G22.2591 - Advanced Natural Language Processing - Spring 2009

Lecture 9

Further discussion of Assignment #2 results.

Discussion of Assignment #3

Discussion of Text Analysis Conference (TAC) 2009 Knowledge-Base Population (KBP) task as a possible source of term projects.

Relation Extraction (cont'd)

As we saw in looking at examples of ACE relations, identifying relations accurately may depend heavily on first identifying and classifying their arguments accurately.
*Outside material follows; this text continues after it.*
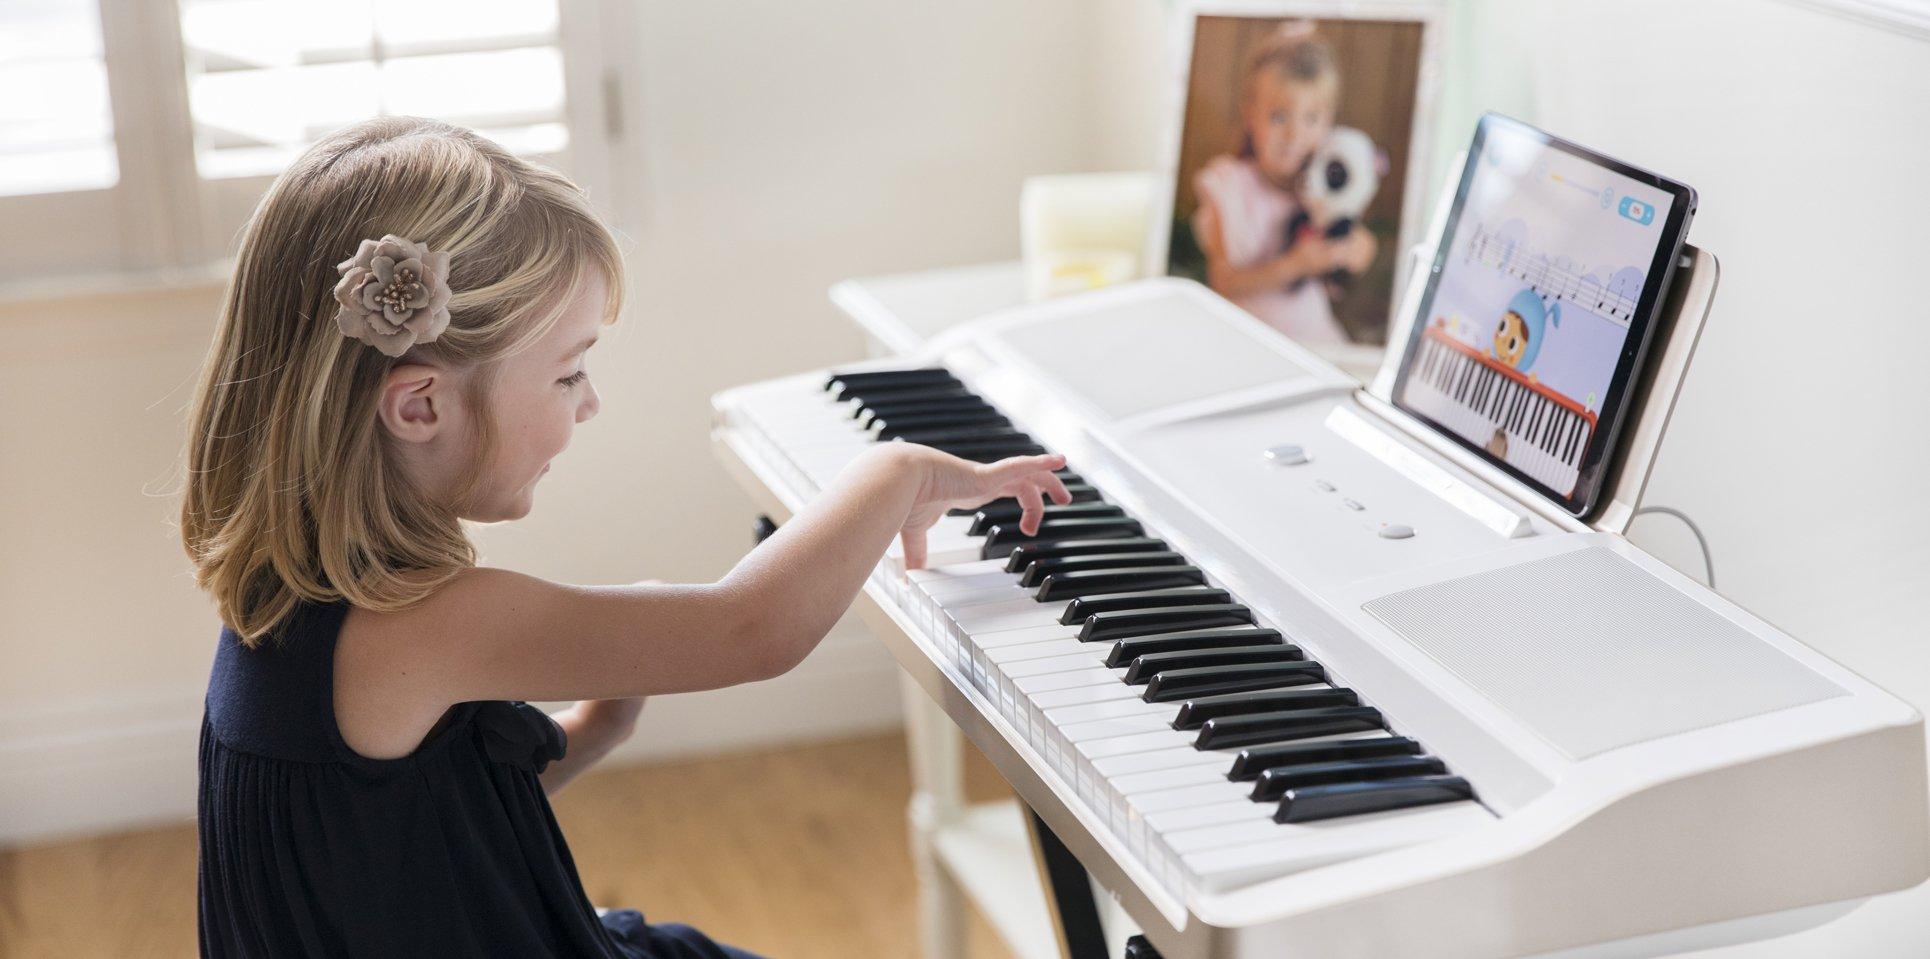 The ONE Smart Piano 61-Key Portable Light Keyboard, USB MIDI Electronic Keyboard Piano - Onyx Black by The ONE Smart Piano (Image #6)

The relation is quite different for French auto worker and Ford auto worker. In particular, many relation taggers operate by considering every pair of entity mentions (basically, noun phrases representing people, places, or organizations) and applying a classifier to the pair, returning either no relation or the type of some relation. Poor performance of the entity mention tagger severely compromises the relation tagger.

To make matters worse, what the relation tagger finds is a relation between noun phrases. (In ACE parlance, they are relation mentions which represent relations between entity mentions.) If the noun phrase is an anaphoric reference to a named entity, ["Bernard Madoff was jailed yesterday. ... His wife Mabel remained in seclusion. or ... The swindler's wife, Mabel, remained in seclusion.] we really want to recover the name of the entity. This requires establishing coreference between entity mentions.

Semi- and un-supervised methods

All these methods involve bootstrapping which alternates between finding pairs of arguments and finding the contexts ('patterns') of these arguments.  This is analogous to the co-training (between spelling features and context features) used in semi-supervised NE tagging.

All of these methods are based on named arguments ... anaphoric arguments are not considered.

Sergei Brin. Extracting Patterns and Relations from the World Wide Web. (Also available in PDF)  In Proc. World Wide Web and Databases International Workshop, pages 172-183. Number 1590 in LNCS, Springer, March 1998.
Eugene Agichtein and Luis Gravano,   Snowball: Extracting Relations from Large Plain-Text Collections, [slides ]   In Proc. 5th ACM International Conference on Digital Libraries (ACM DL), 2000
Deepak Ravichandran and Eduard Hovy, Learning Surface Text Patterns for a Question-Answering System, ACL 2002.
Takaaki Hasegawa, Satoshi Sekine, Ralph Grishman Discovering Relations among Named Entities from Large Corpora. ACL 2004.

Looking ahead: event/scenario extraction

Riloff, E. (1996) "Automatically Generating Extraction Patterns from Untagged Text" (postscript, pdf)   Proc. Thirteenth National Conference on Artificial Intelligence (AAAI-96) , 1996, pp. 1044-1049.

Roman Yangarber; Ralph Grishman; Pasi Tapanainen; Silja Huttunen.  Automatic Acquisition of Domain Knowledge for Information Extraction.  Proc. COLING 2000.